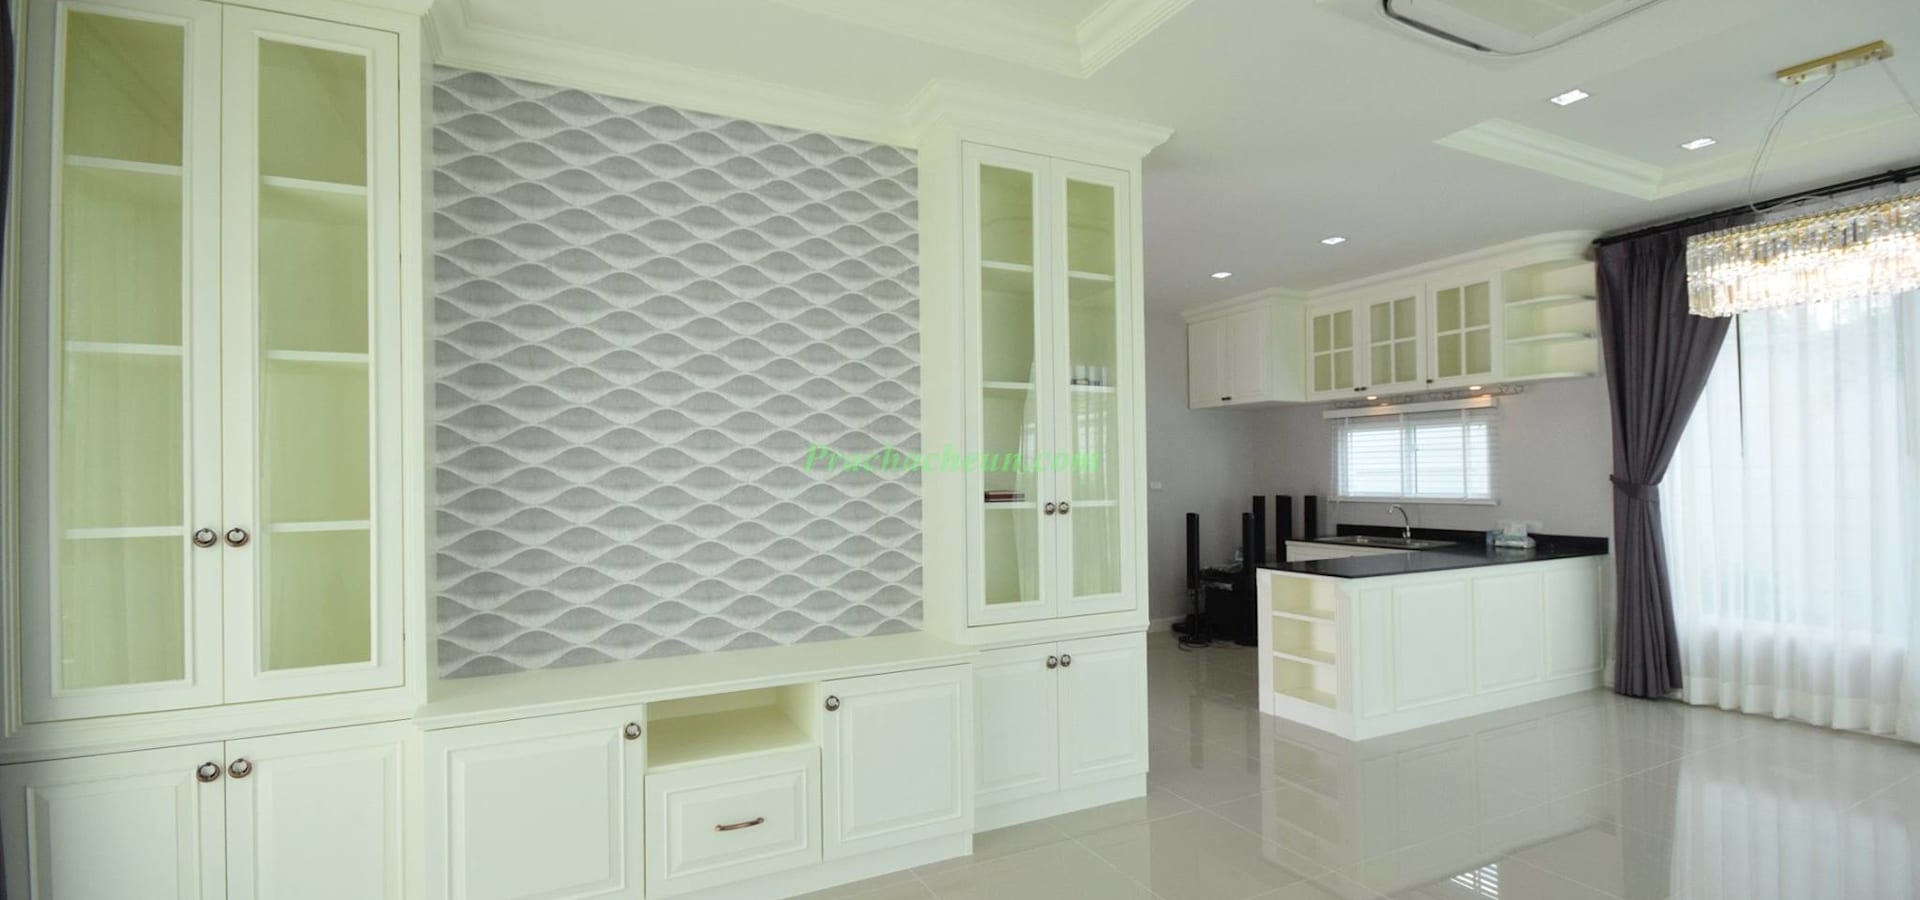 Prachacheun interior design built-in
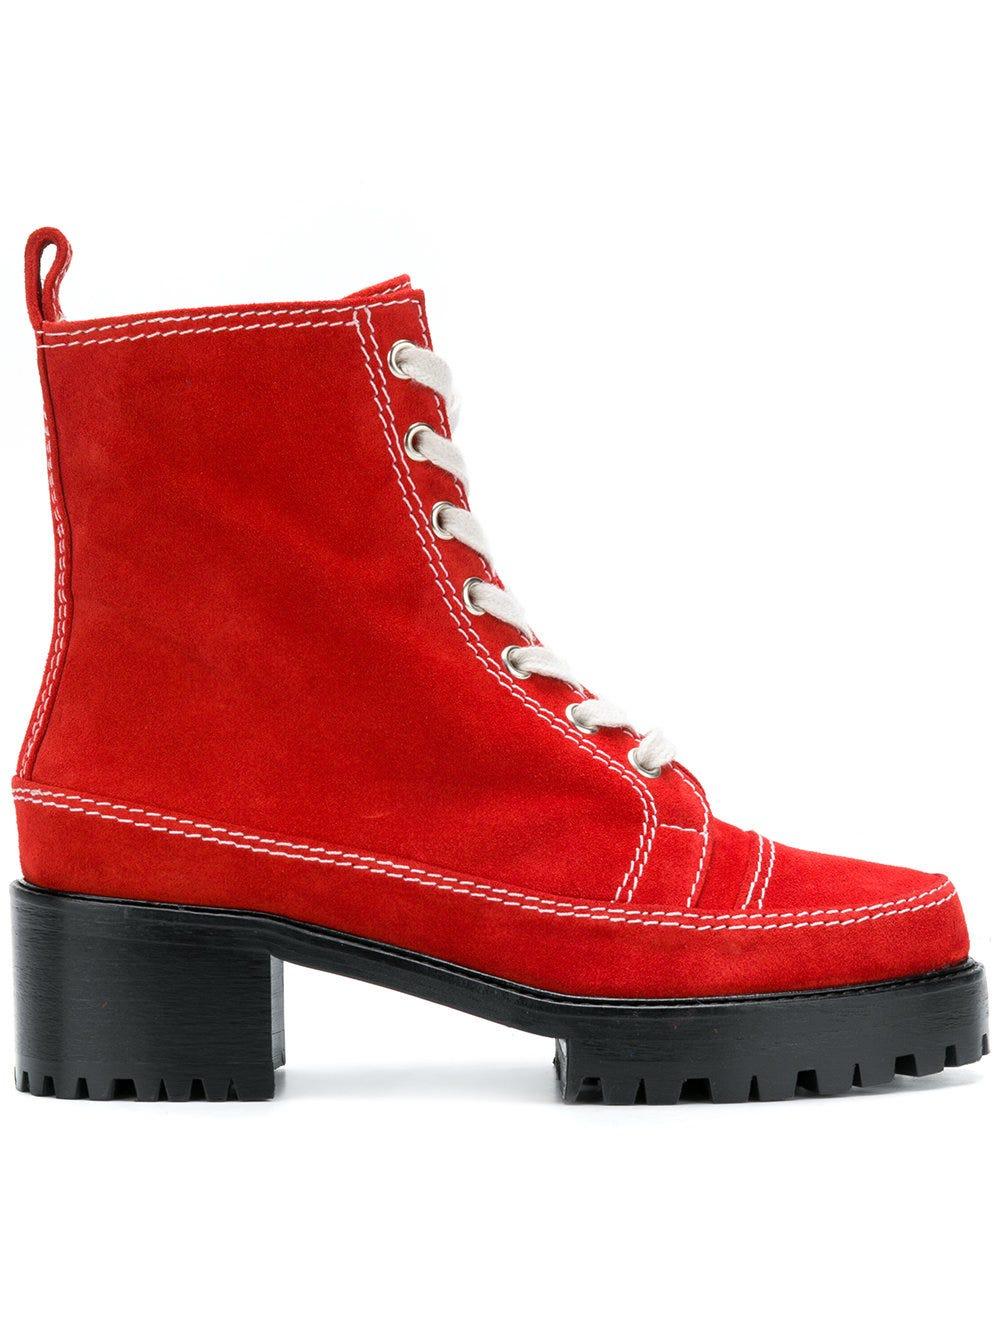 Nicole Saldan? Chris 2.0 boots
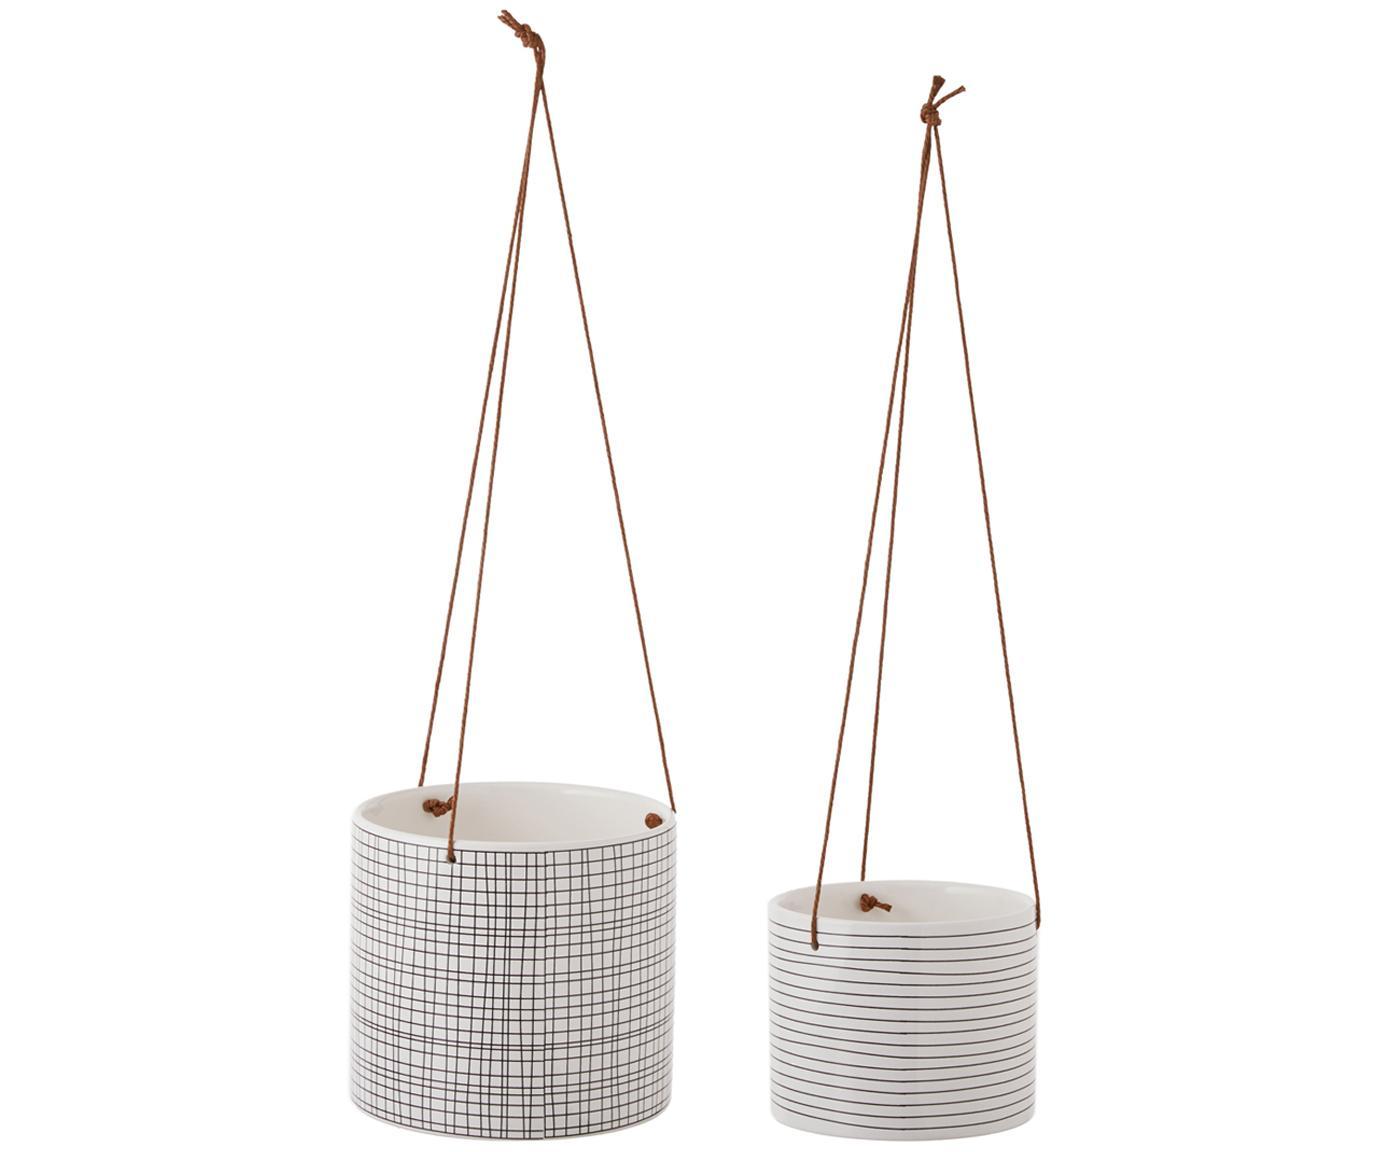 Set de cestas colgantes Sannie, 2pzas., Cesta: piedra dolomita, Negro, blanco, Tamaños diferentes

----

Give back the data exactly. Pictures stay out.

**Reply to the exercise:**
 Prachacheun interior design built-in
 Nicole Saldan? Chris 2.0 boots
 Set de cestas colgantes Sannie, 2pzas., Cesta: piedra dolomita, Negro, blanco, Tamaños diferentes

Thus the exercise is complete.